FORUM PSZCZELARSKIE "AMBROZJA" WITA MIŁOŚNIKÓW
http://forum.pasiekaambrozja.pl/

Definicja miodu
http://forum.pasiekaambrozja.pl/viewtopic.php?f=72&t=2039
Strona 1 z 1

Autor:  BoCiAnK [ 18 października 2009, 13:31 - ndz ]
Tytuł:  Definicja miodu

"Miód jest naturalną słodką substancją wytworzoną przez pszczoły (Apis mellifera) z nektaru kwiatów lub soku, który pszczoły pozyskują przy współudziale innych owadów, wysysających soki z żywych części roślin.
Pszczoły je zbierają, przebierają przez łączenie ze specyficznymi substancjami własnymi, składają, odwadniają, gromadzą i pozostawiają do dojrzewania w plastrach."
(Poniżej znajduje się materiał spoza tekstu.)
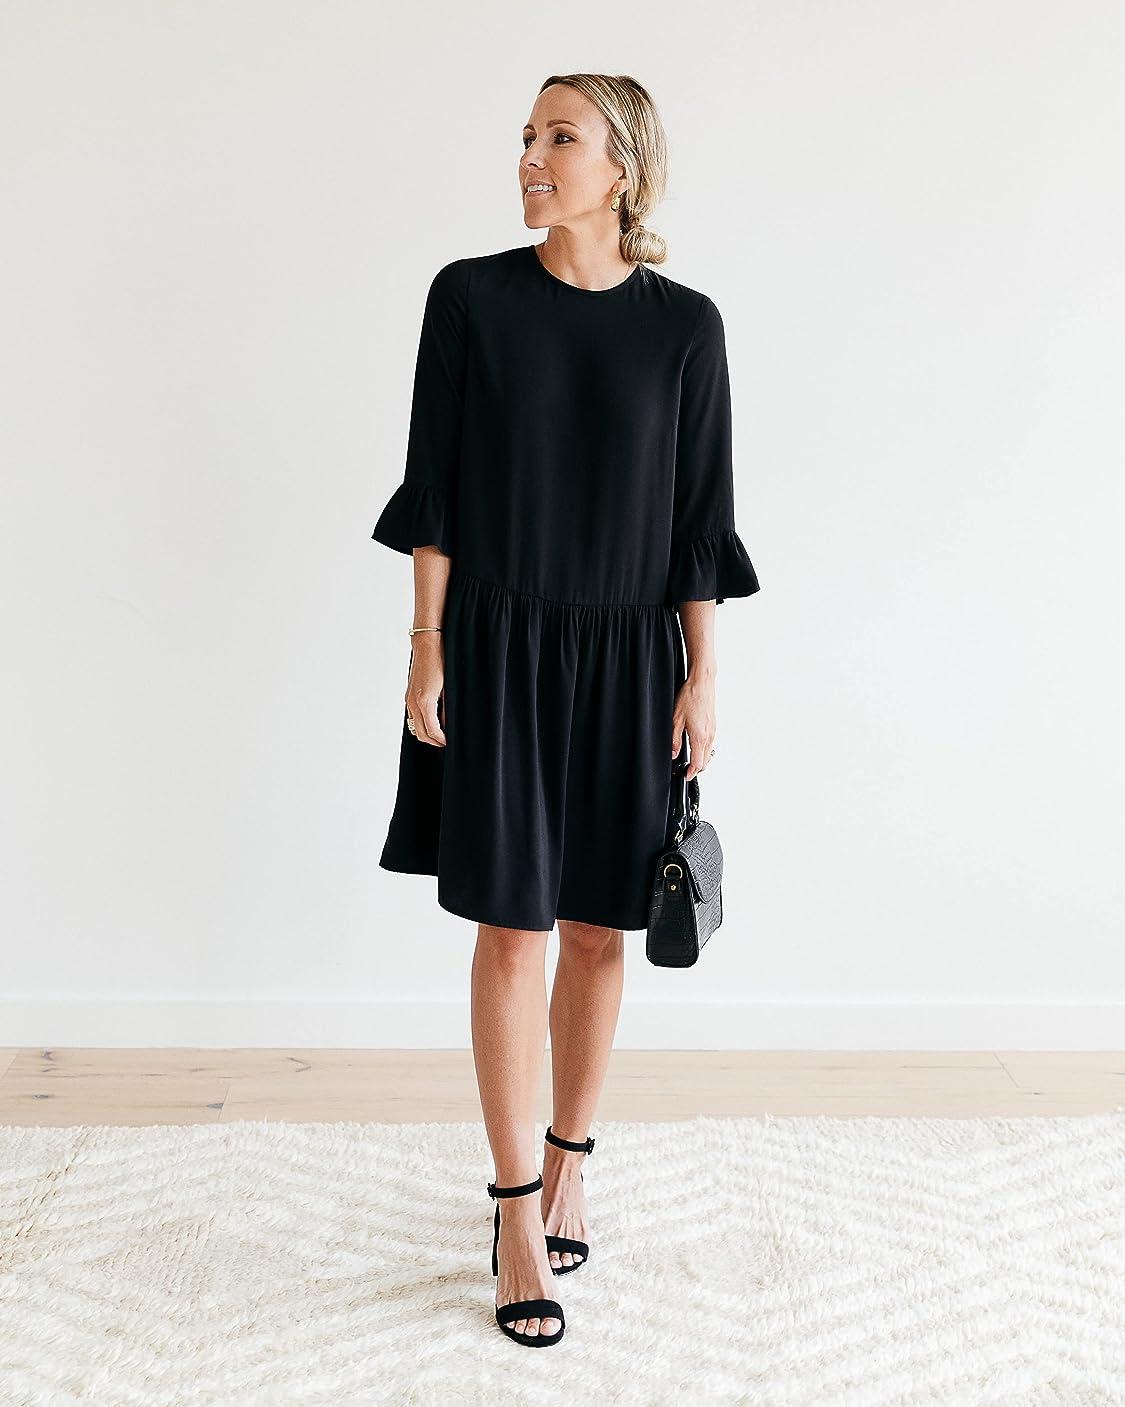 The Drop wears The Drop Women's Black Drop-Waist Dress by @jaceyduprie
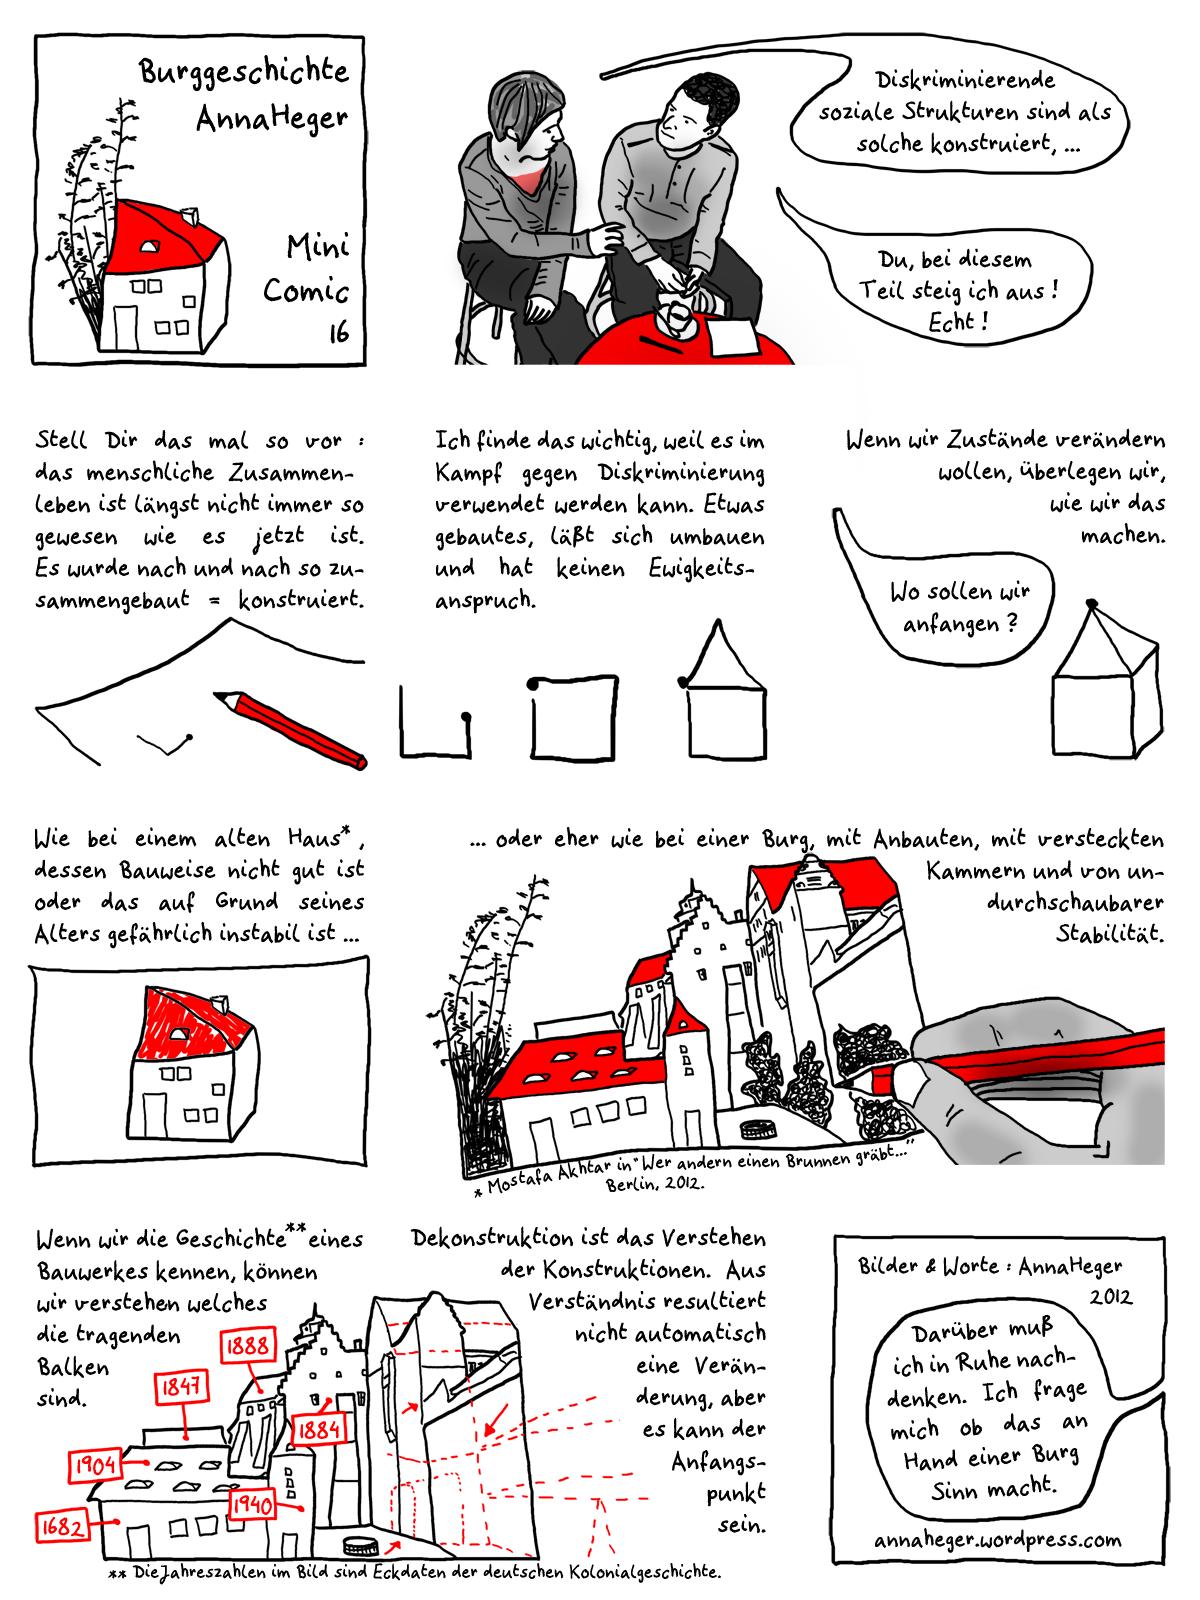 visuelles Minicomic 16 , das ganze Comic wird im folgenden in reinen Text transkribiert

Oto definicja miodu zawarta w dyrektywie Rady Unii Europejskiej. Jednak czy jej znajomość pozwoli nam zrozumieć walory smakowe naturalnych miodów? Czy ma ona jakieś znaczenie kiedy słodzimy sobie herbatę lub pieczemy pierniki.

Nie jest istotne, że miód to 80 procentowy roztwór cukru, a ponad 15 procent jego składu to woda oraz kwasy organiczne. Nie musimy wiedzieć czym jest 5-hydroksymetylofurfural, żeby docenić dobroczynne działanie miodu. Liczą się bowiem jego walory smakowe i nasze samopoczucie, kiedy osładzamy sobie nim codzienne życie.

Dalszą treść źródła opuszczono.